**EXERCISE DIRECTIONS**
Every line of the material below needs to be copied exactly; omit the pictures.
═══ DATA EXCERPT
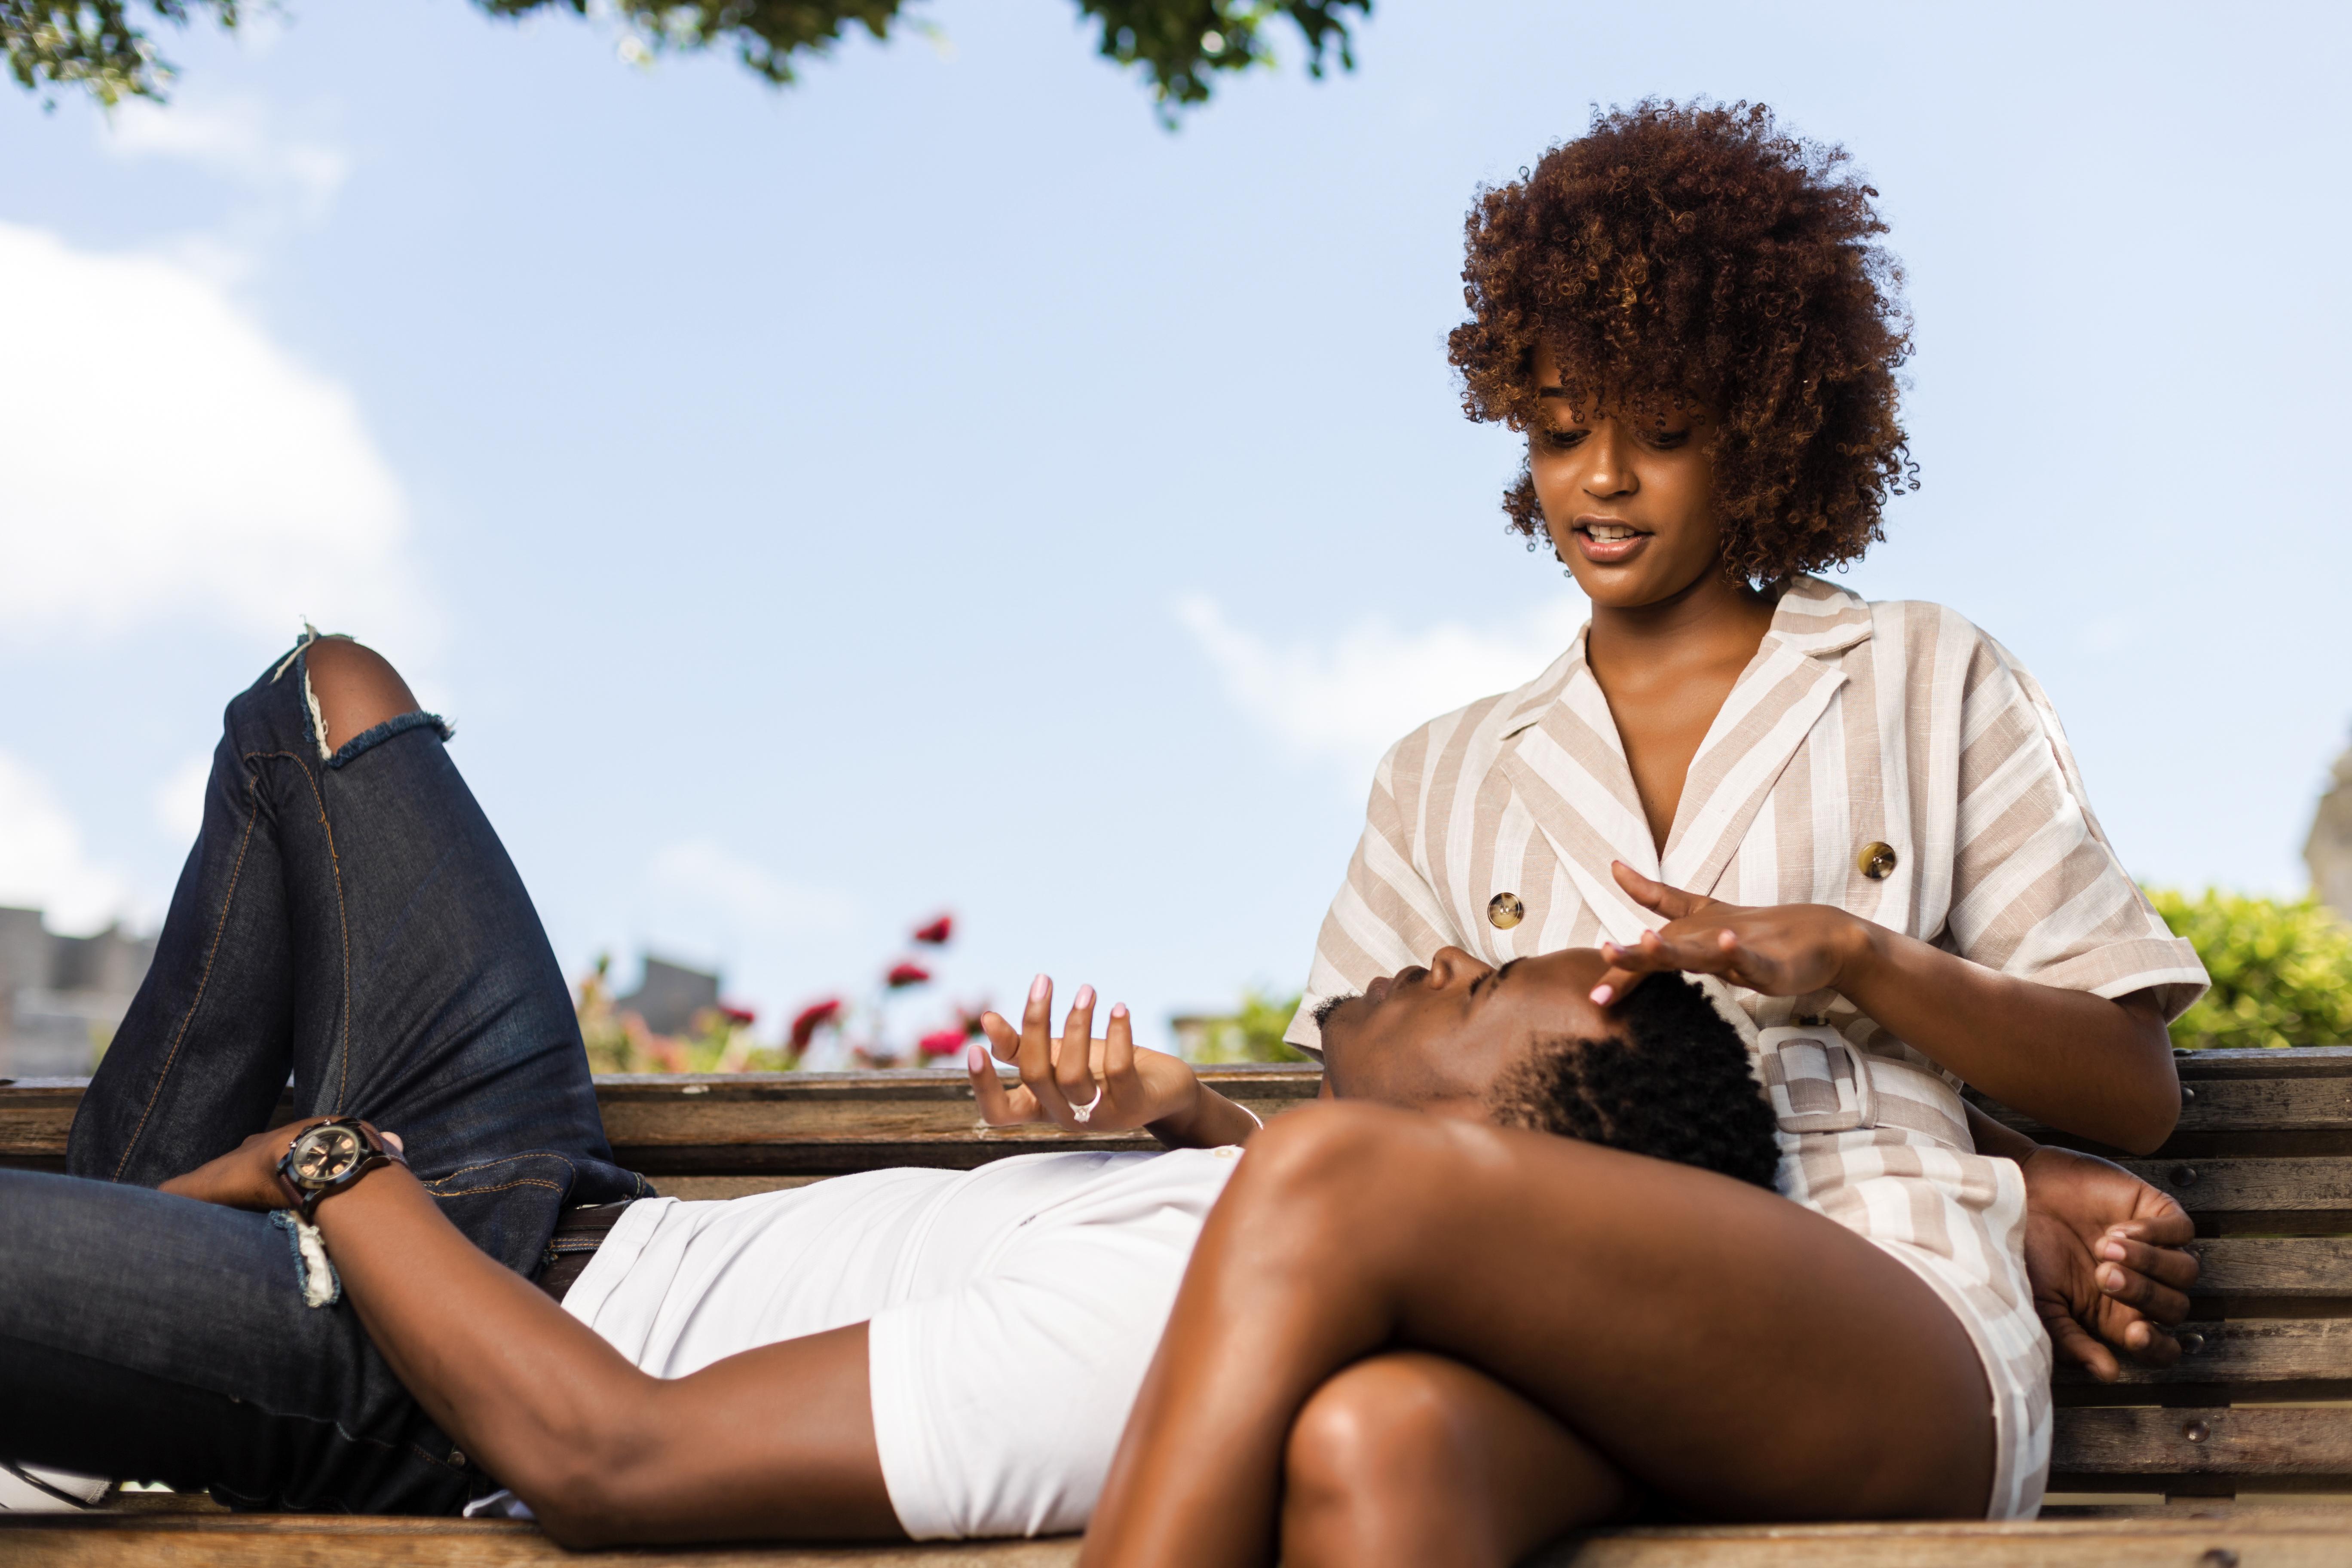 Meeting older women in the bahamas
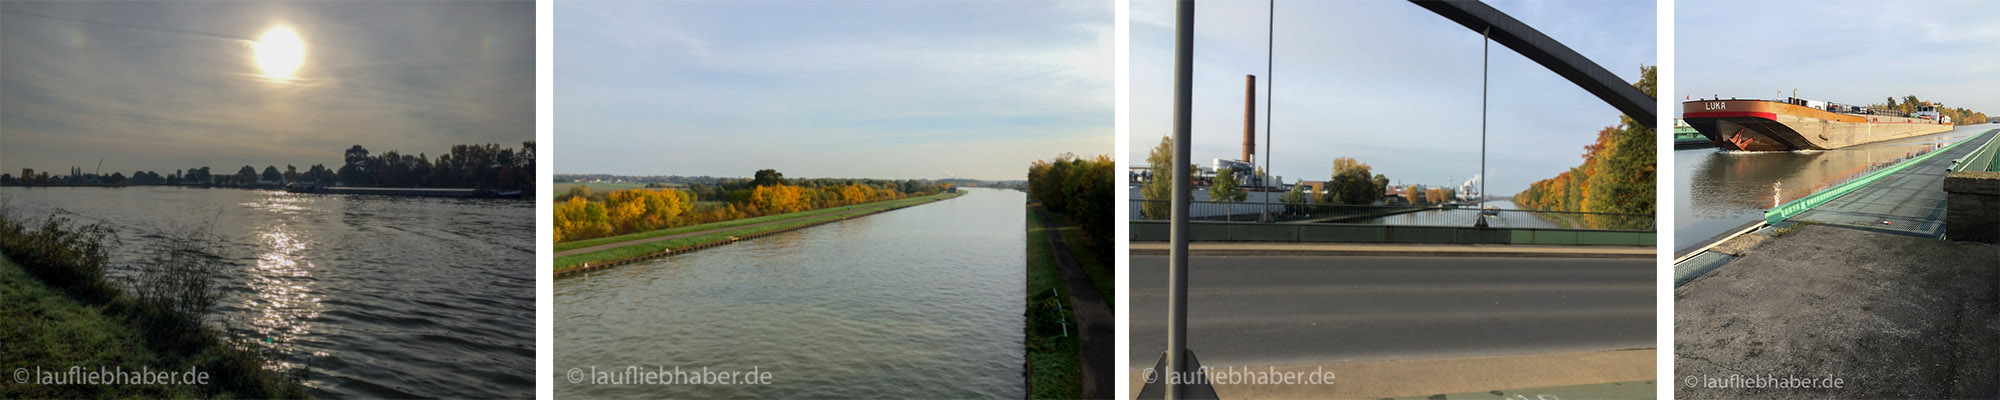 Bilderreihe Mittellandkanal
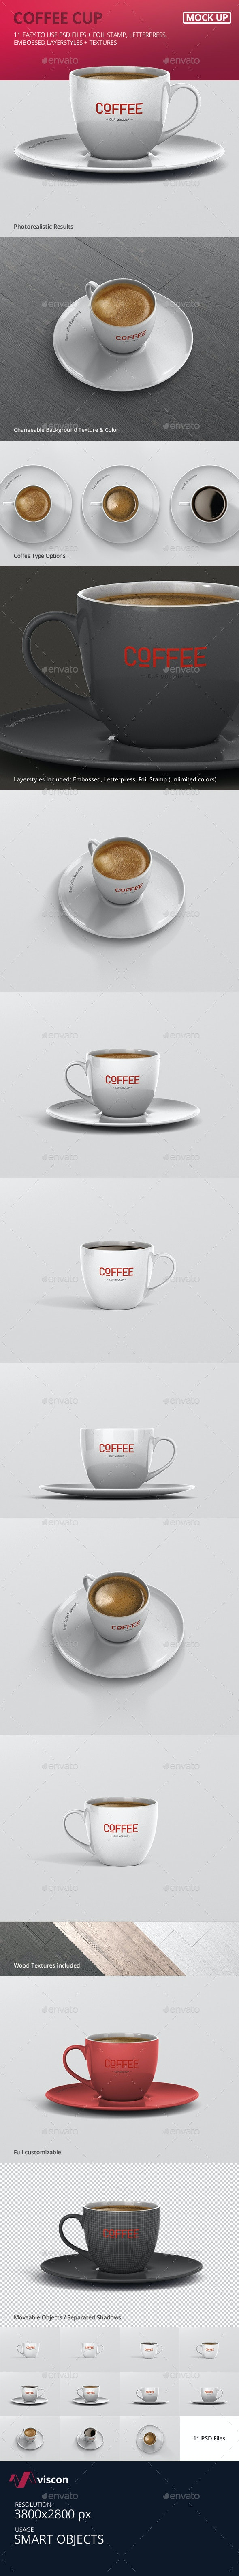 Coffee Cup Mockup - Food and Drink Packaging
══════
**RESPONSE**
 Meeting older women in the bahamas
 Bilderreihe Mittellandkanal
 Coffee Cup Mockup - Food and Drink Packaging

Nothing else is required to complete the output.